No problems until RHL9 came out. On about 50% of the machines (identical hardware remember, including BIOS settings) kernel system calls on RH 2.4.20 kernels run about 4x - 10x slower.
Of course with this problem the whole system runs dog slow and is painful to use.
The vanilla kernel.org kernels and the RH 2.4.18 kernels (from RHL8.0) do NOT exhibit the slowdown.

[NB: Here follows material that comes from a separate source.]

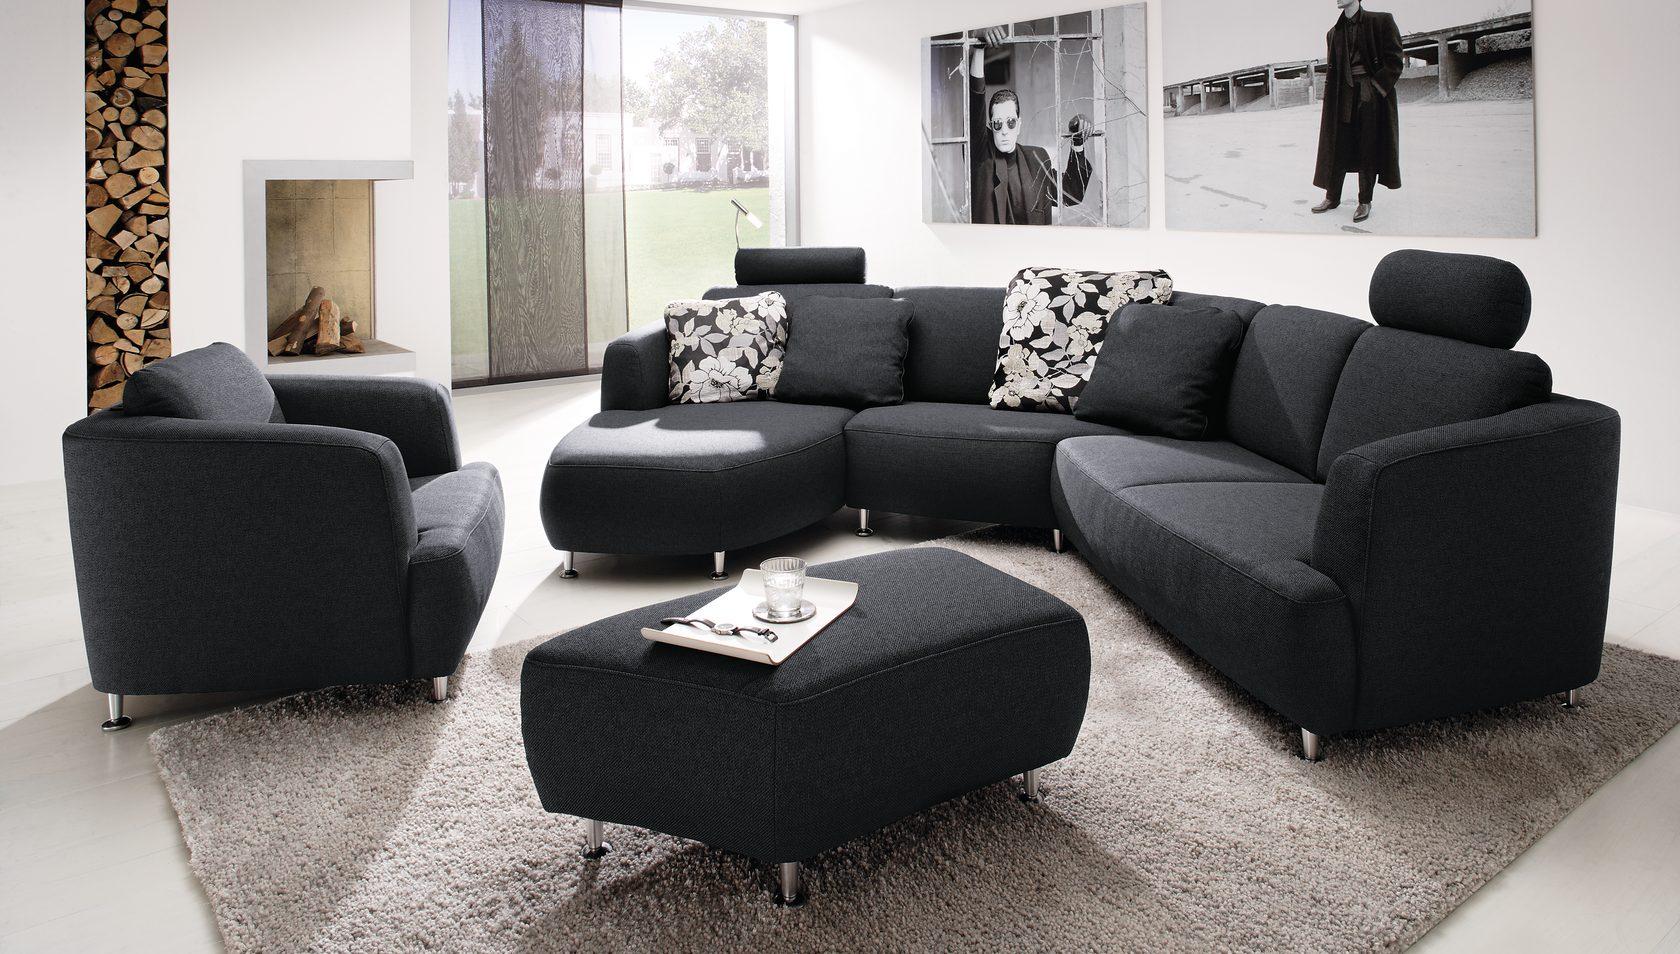 Ol ron meubles mr150 ol ron meubles for Meubles oleron

The problem can be easily quantified using strace. Take a look at the following (especially the third column):
First with vanilla ftp.kernel.org 2.4.20 compiled using kernel-2.4.20-i686.config from RH.

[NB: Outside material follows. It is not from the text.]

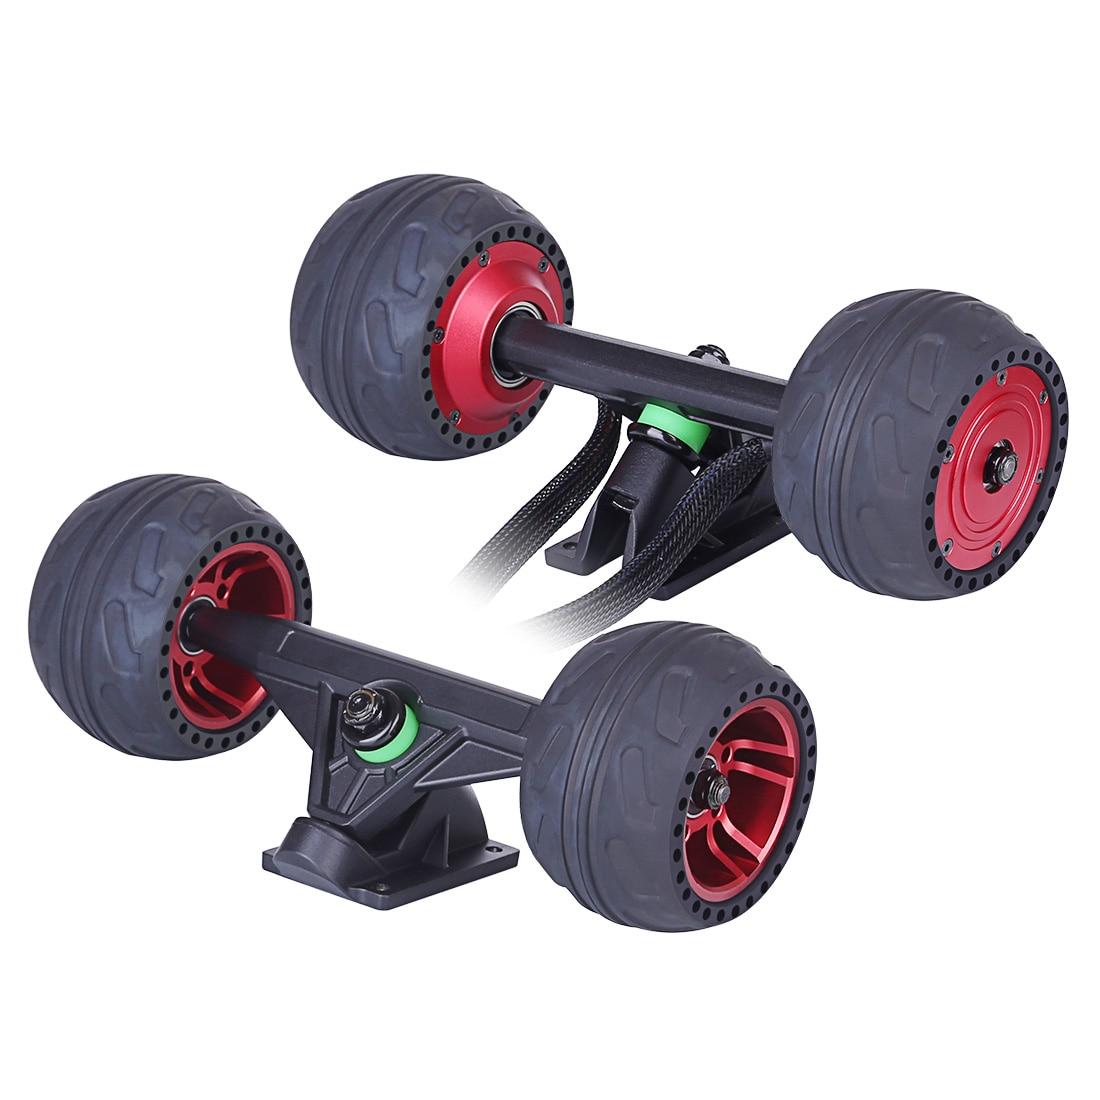 High Recommed 105LMH Hub Motor Set - Black/Red (Hub Motor + Front Wheel + Trucks)

[root@station9 root]# uname -r 2.4.20 [root@station9 root]# strace -c ls -al /etc > /dev/null execve("/bin/ls", ["ls", "-al", "/etc"], [/* 30 vars */]) = 0 % time seconds usecs/call calls errors syscall ------ ----------- ----------- --------- --------- ---------------- 41.25 0.002895 10 289 lstat64 12.92 0.000907 36 25 read 12.61 0.000885 22 41 14 open 5.34 0.000375 21 18 readlink 5.27 0.000370 12 31 old_mmap 5.14 0.000361 52 7 getdents64 5.06 0.000355 15 23 munmap 2.82 0.000198 7 30 close 2.11 0.000148 5 28 fstat64 1.44 0.000101 3 31 fcntl64 1.44 0.000101 51 2 socket 1.42 0.000100 50 2 2 connect 1.27 0.000089 5 17 brk 0.80 0.000056 56 1 mmap2 0.57 0.000040 8 5 write 0.19 0.000013 4 3 2 rt_sigaction 0.17 0.000012 4 3 3 ioctl 0.13 0.000009 9 1 uname 0.06 0.000004 4 1 gettimeofday ------ ----------- ----------- --------- --------- ---------------- 100.00 0.007019 558 21 total
Now the latest RHL9 errata kernel. All RHL9 kernels and RHL8.0 kernels
= 2.4.20 perform the same:
[root@station9 root]# uname -r; strace -c ls -al /etc > /dev/null 2.4.20-20.9 execve("/bin/ls", ["ls", "-al", "/etc"], [/* 30 vars */]) = 0 % time seconds usecs/call calls errors syscall ------ ----------- ----------- --------- --------- ---------------- 43.57 0.019390 67 289 lstat64 10.88 0.004841 194 25 read 9.82 0.004369 109 40 13 open 5.84 0.002601 145 18 readlink 5.78 0.002574 112 23 munmap 4.51 0.002007 72 28 fstat64 4.17 0.001857 265 7 getdents64 3.12 0.001387 45 31 fcntl64 2.53 0.001124 37 30 close 2.42 0.001078 98 11 old_mmap 1.87 0.000834 49 17 brk 1.07 0.000475 238 2 2 connect 1.06 0.000473 237 2 socket 1.00 0.000446 20 22 mmap2 0.91 0.000405 81 5 write 0.52 0.000233 78 3 2 rt_sigaction 0.44 0.000197 66 3 3 ioctl 0.44 0.000197 197 1 uname 0.02 0.000011 11 1 set_thread_area 0.01 0.000003 3 1 gettimeofday ------ ----------- ----------- --------- --------- ---------------- 100.00 0.044502 559 20 total
I'm posting this message to see if anyone else has seen anything similar or has any ideas. This same problem is 100% reproducible on multiple machines in the classroom.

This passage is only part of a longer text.